Il Fioraio di Monteriggioni – Cristina Katia Panepinto

Il passato che ritorna, sentimenti mai dimenticati, scoperte incredibili: questo accade al Pm Amedeo Cantini a cui viene assegnato un caso di assassinio. Il protagonista del giallo di Cristina Katia Panepinto, Il Fioraio di Monteriggioni, ambientato in Toscana, si trova a dover affrontare una ferita ancora aperta, causa persino del fallimento del suo matrimonio. Una ragazza viene trovata morta presso un cassonetto. Si tratta della figlia della sua ex, che non ha mai dimenticato e che ha sempre amato, ma che è morta suicida in giovane età. Purtroppo la questione si complica perché psicologicamente, essendo emotivamente coinvolto, è debole.

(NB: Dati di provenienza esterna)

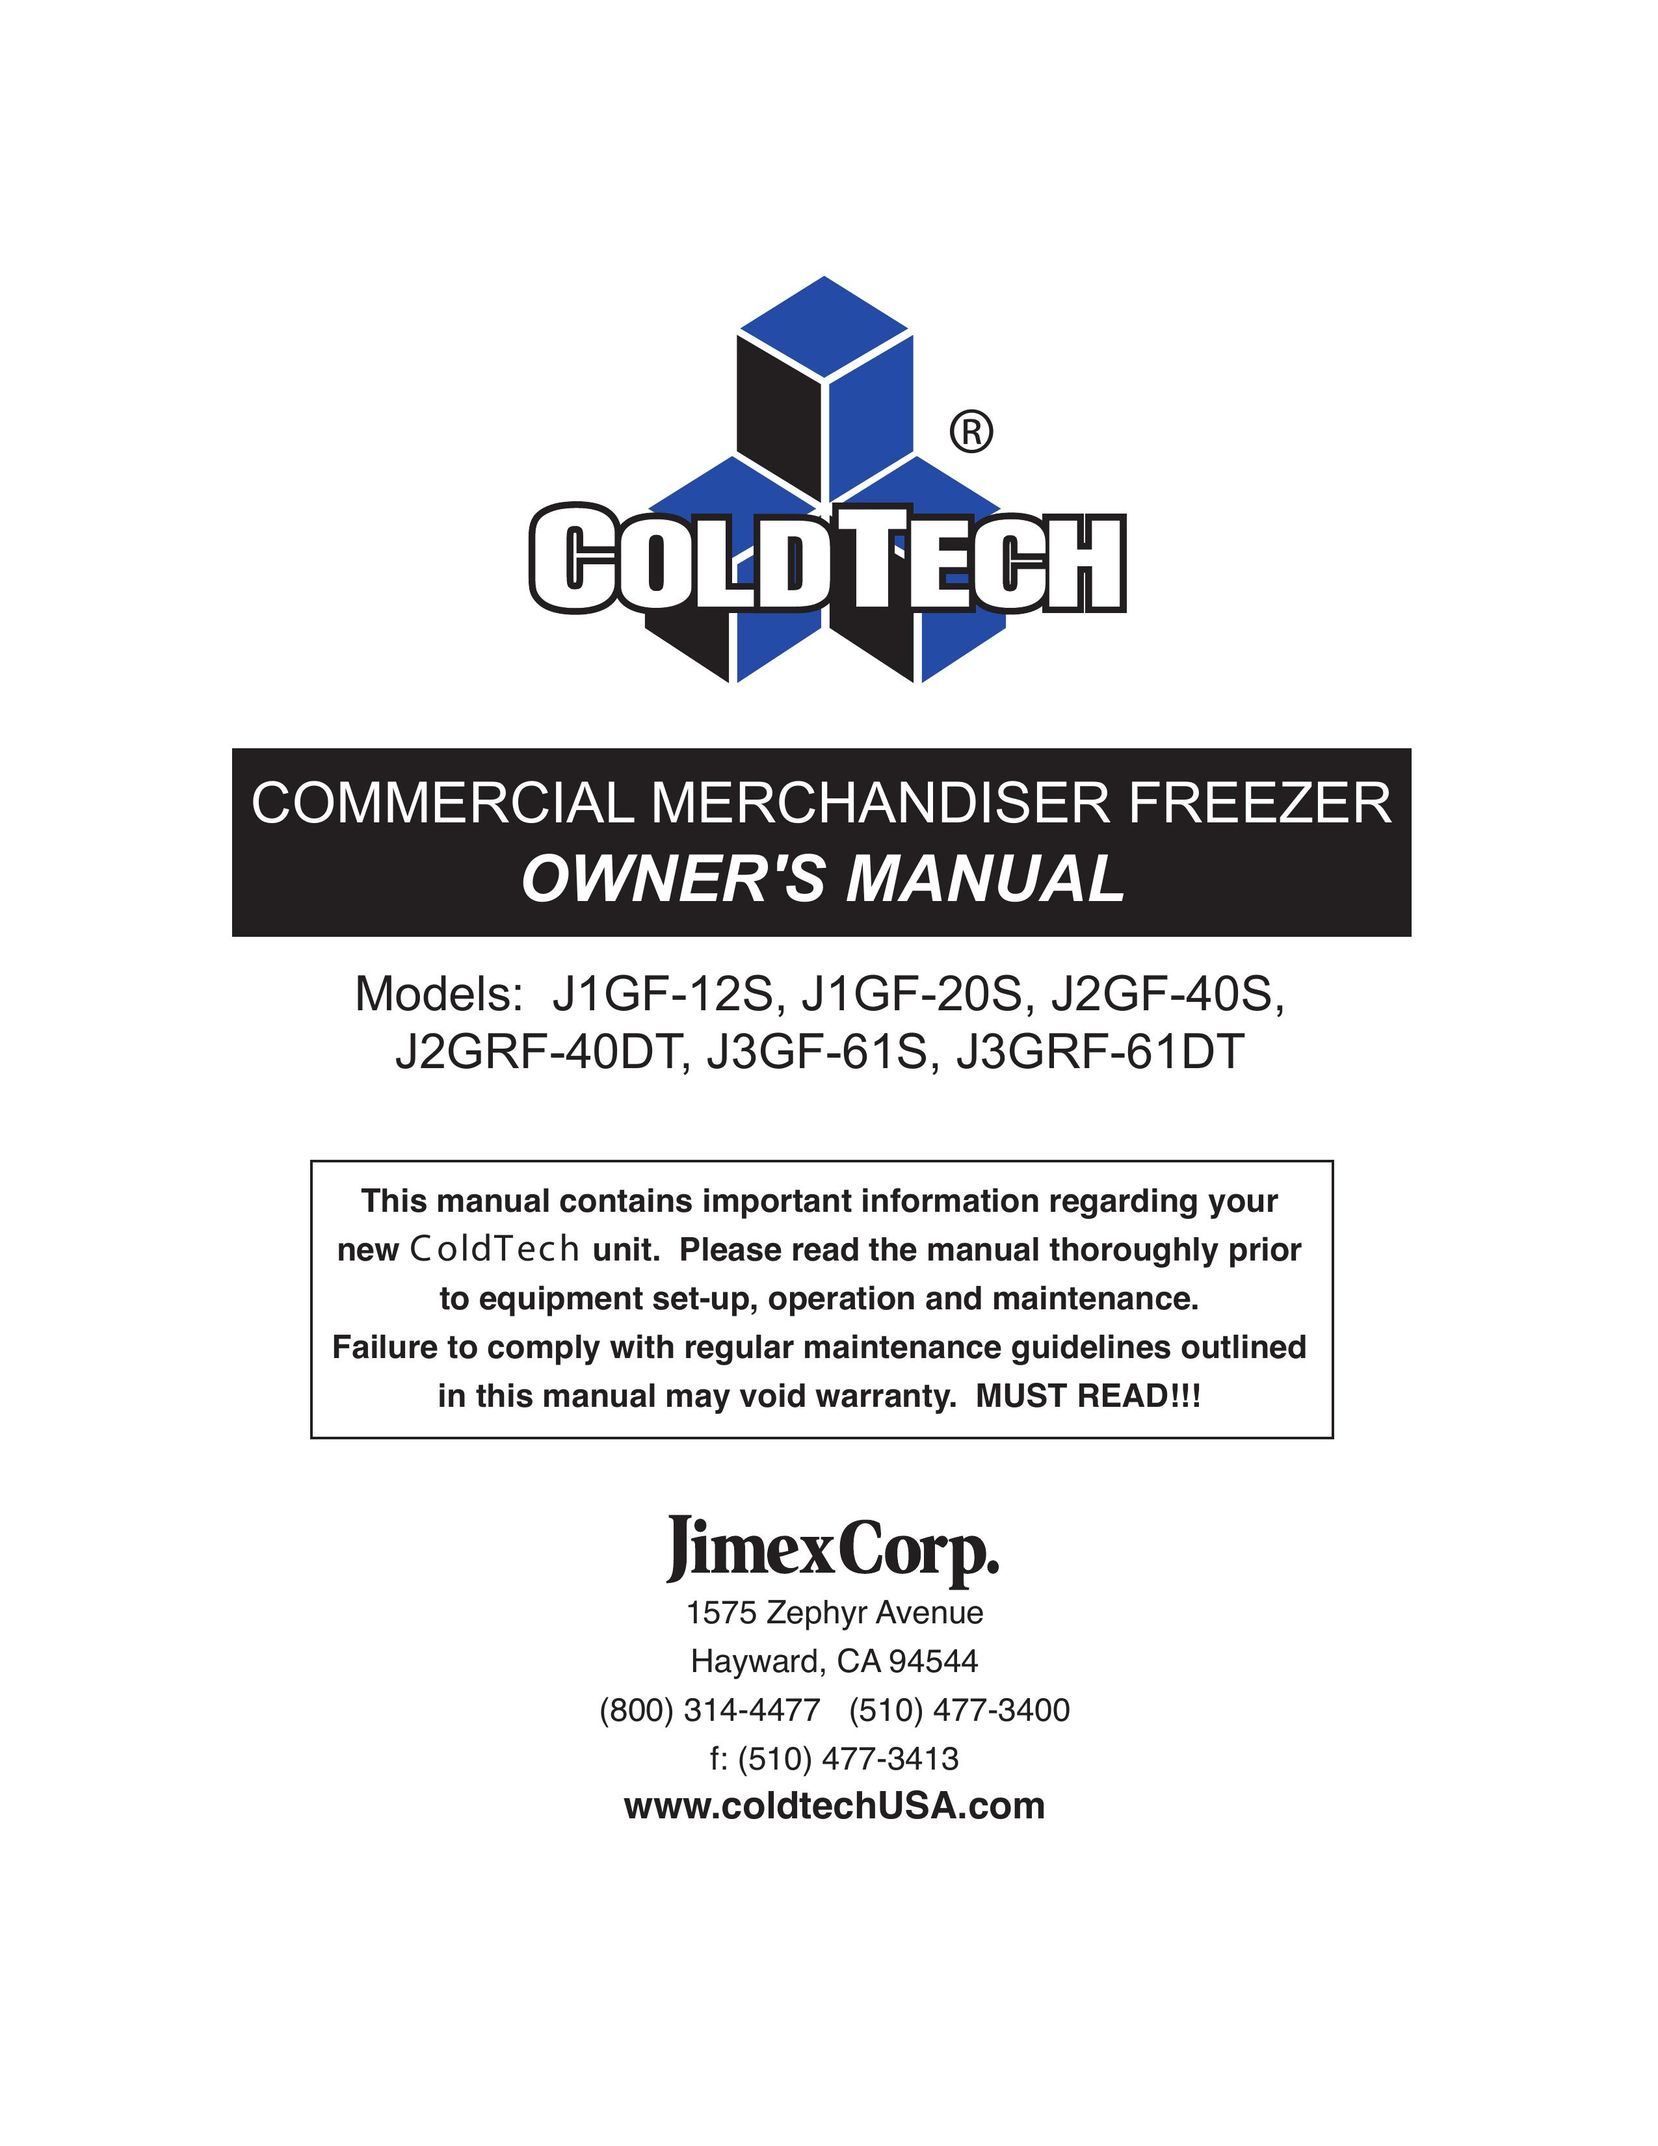 ColdTech J3GRF-61DT Freezer User Manual

Non la smetteva di piangere. Poco prima di cedere al sonno, mi sussurrò che era un peccato non esserci amati perché, se fosse accaduto il peggio, avrebbe almeno potuto vivere nell’illusione. Sul momento non mi fu chiaro cosa intendesse e pensai fosse solo parte del suo vaneggiamento. Solo molti mesi dopo, quando Virginia mi informò della sua gravidanza, mi sorse il dubbio che avesse fatto qualcosa di cui si era pentita e che a ciò fosse legata la follia di quella notte.

Un racconto un po’ insolito, dove non mancano intrecci familiari, con tanto di depravazione e risvolti emotivi “marci”. L’esordio della Panepinto è ricco di dialoghi, affida la storia direttamente ai suoi personaggi, con poca narrazione. I sentimenti più cupi offuscano e celano la bellezza che in qualche modo c’è stata nei rapporti d’amore, ma quando il giallo sta per risolversi una nuova nube torna nella realtà.

Fa spavento pensare come un essere tanto amato possa catalizzare tutto l’odio che in realtà si prova per se stessi. In quel momento la odiavo perché una lettera mi aveva rivelato chi era veramente e non avrei mai più potuto vivere il mio amore con lei. La odiavo perché era l’incarnazione di una colpa orrenda, perché la sua stessa esistenza era il frutto della mia inettitudine, della mia abitudine a tapparmi gli occhi per ragioni di comodo. Sì… odiavo lei quanto odiavo me stesso.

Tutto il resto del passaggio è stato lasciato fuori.